| Problem to work on |
What's needed is the listing below, repeated word for word with no pictures.

(Beginning of Supplied information)

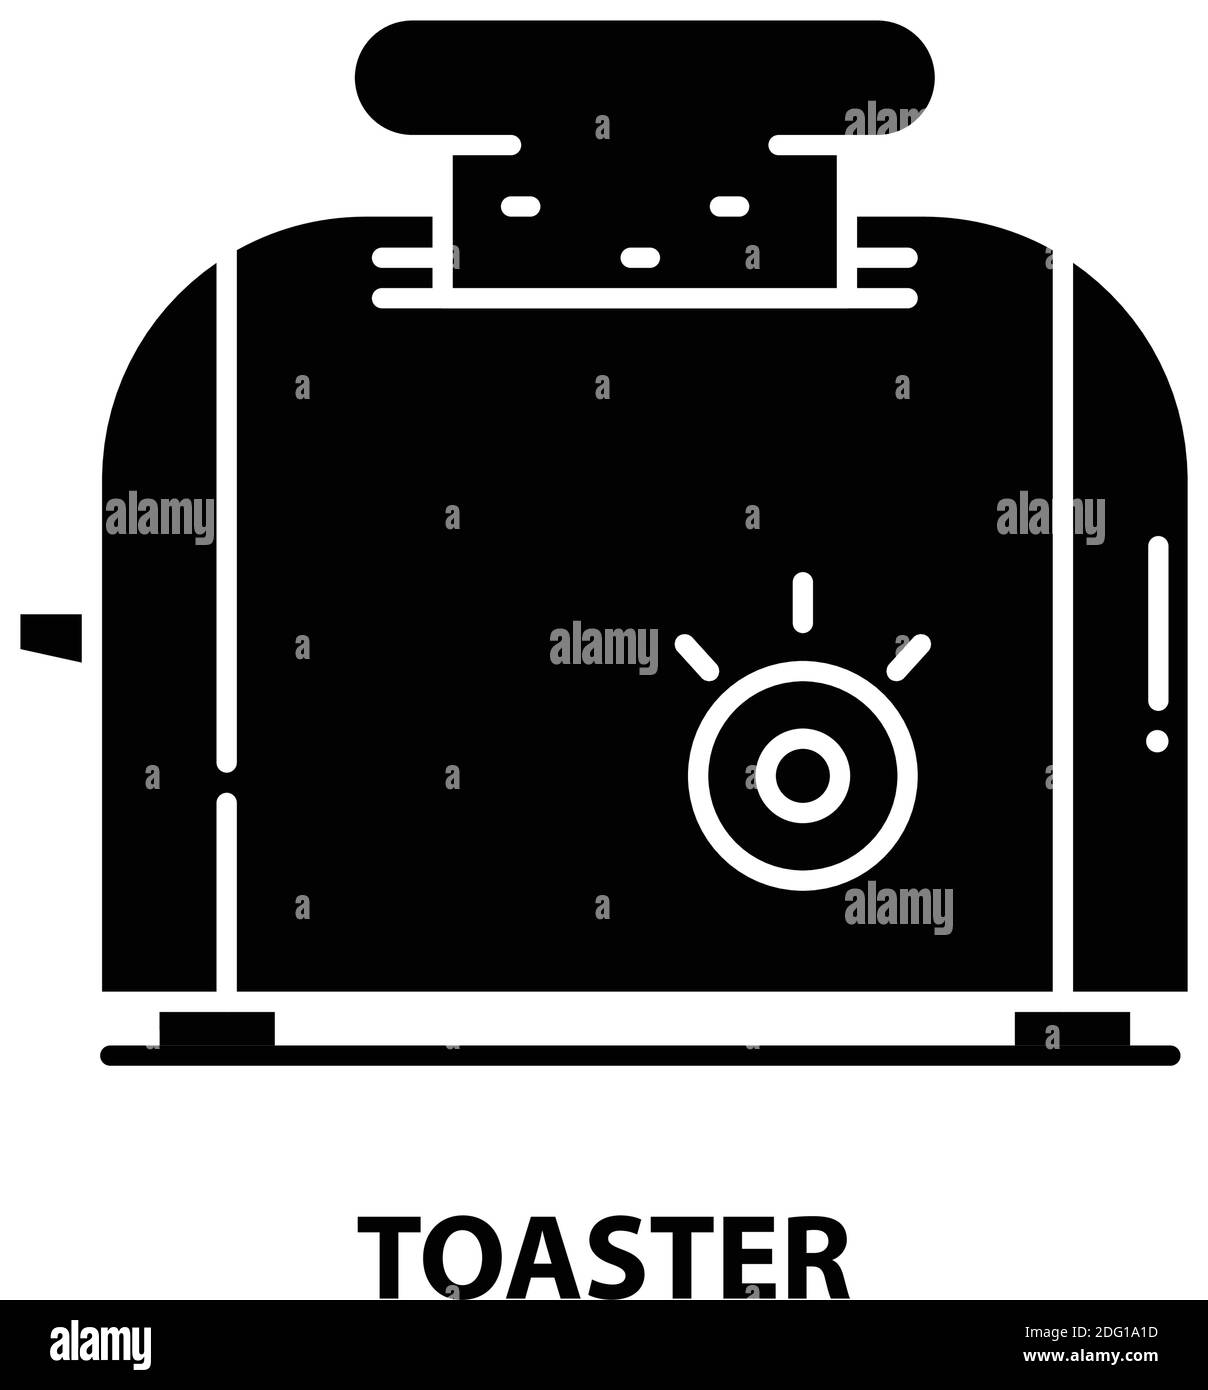 toaster-Symbol, schwarzes Vektorzeichen mit editierbaren Konturen, Konzeptdarstellung Stock Vektor
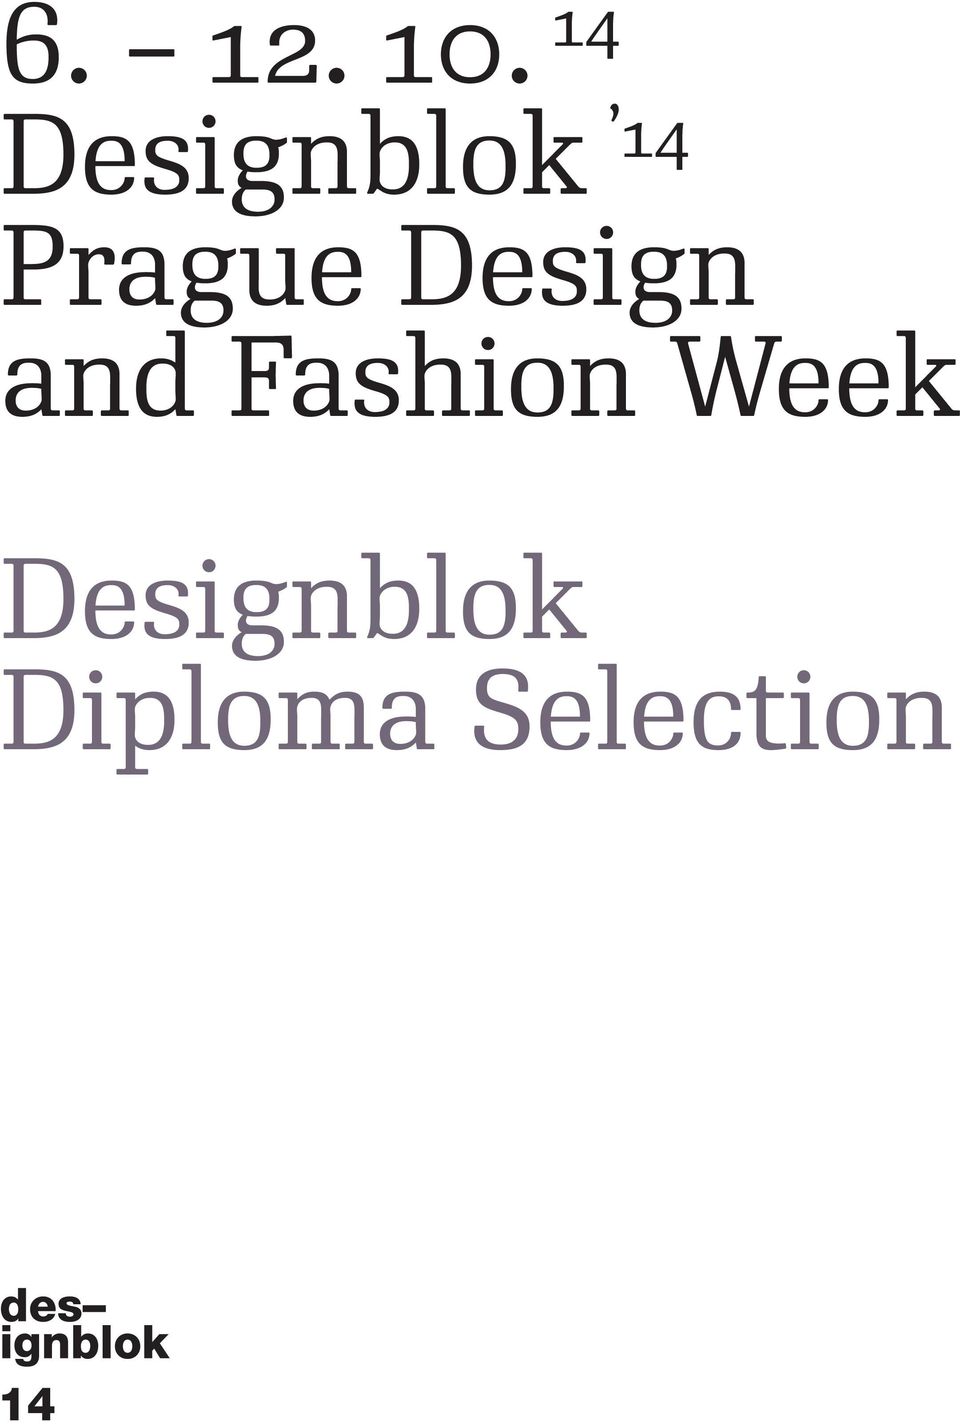 Prague Design and
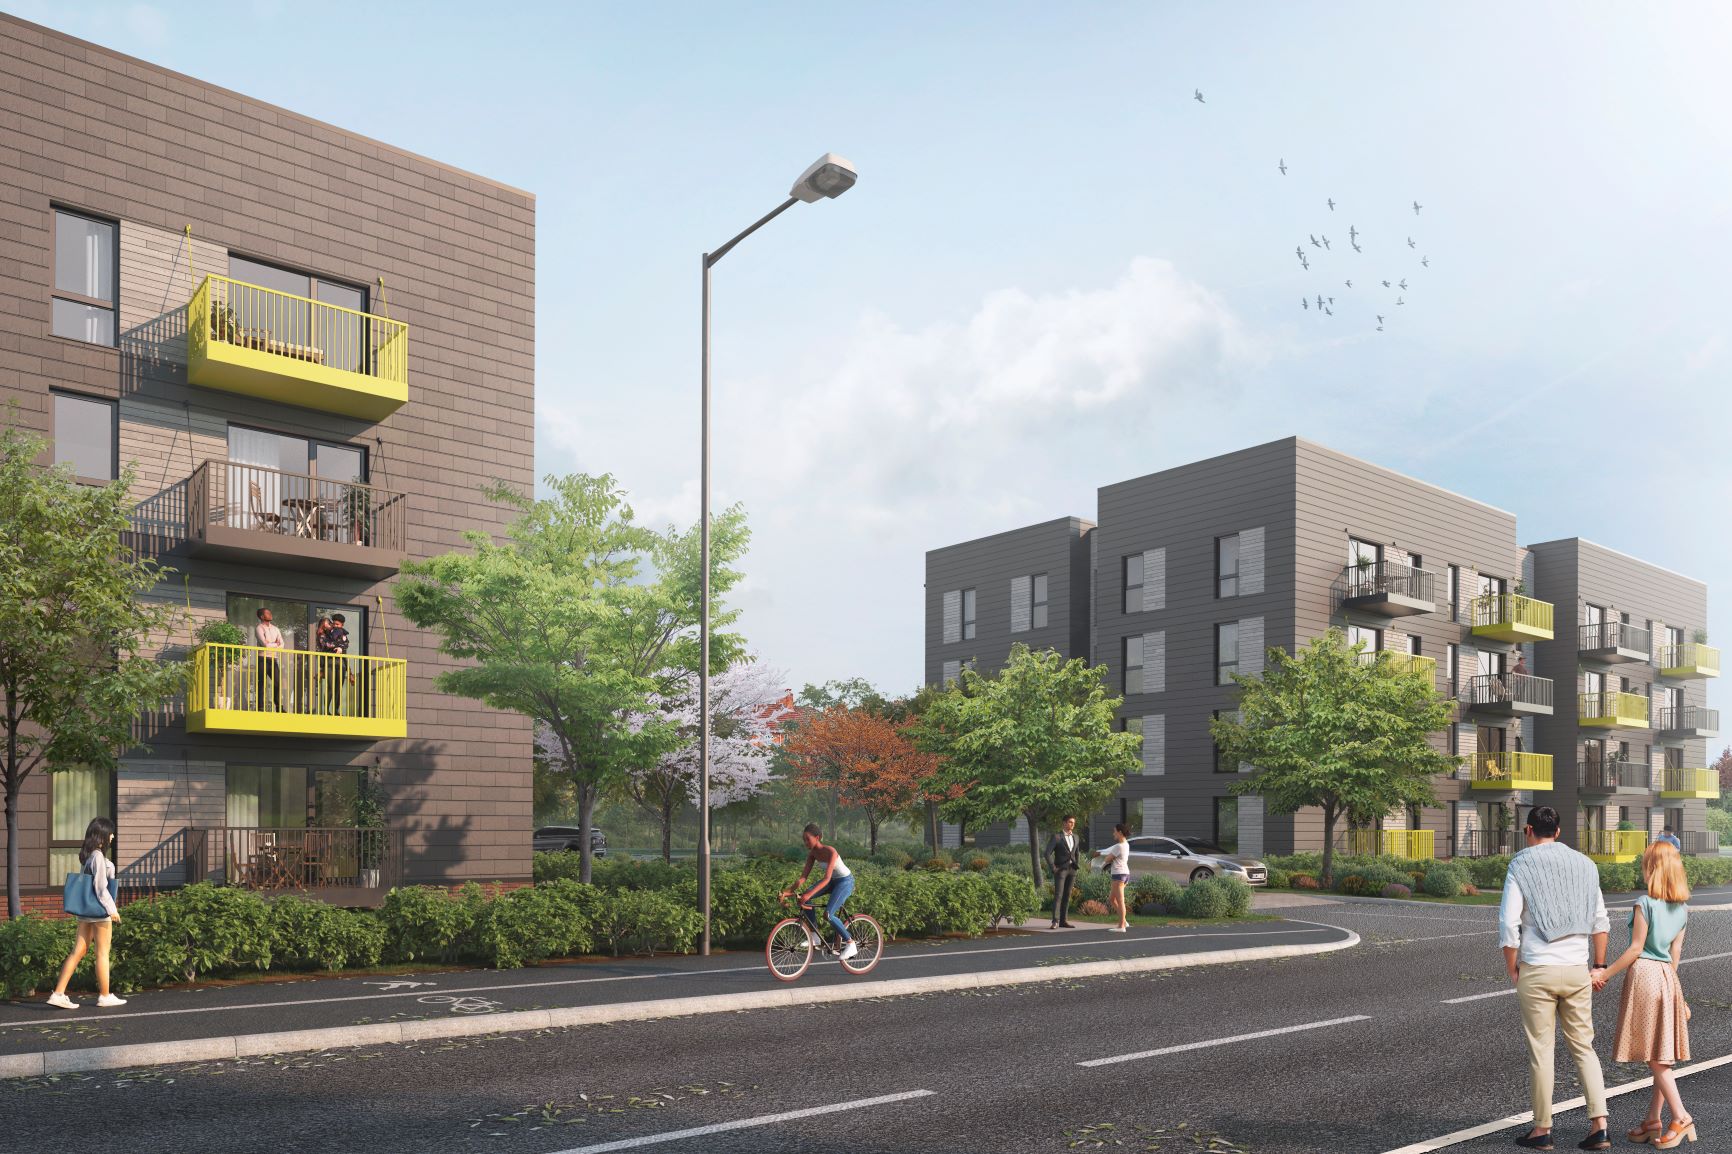 BoKlok, the Swedish offsite housing provider, outlines plans for 200 homes in Bristol @BoKlokUK @Bristol_HF @BristolCouncil

(End of Supplied information)

| Response for this exercise |
 toaster-Symbol, schwarzes Vektorzeichen mit editierbaren Konturen, Konzeptdarstellung Stock Vektor
 Prague Design and
 BoKlok, the Swedish offsite housing provider, outlines plans for 200 homes in Bristol @BoKlokUK @Bristol_HF @BristolCouncil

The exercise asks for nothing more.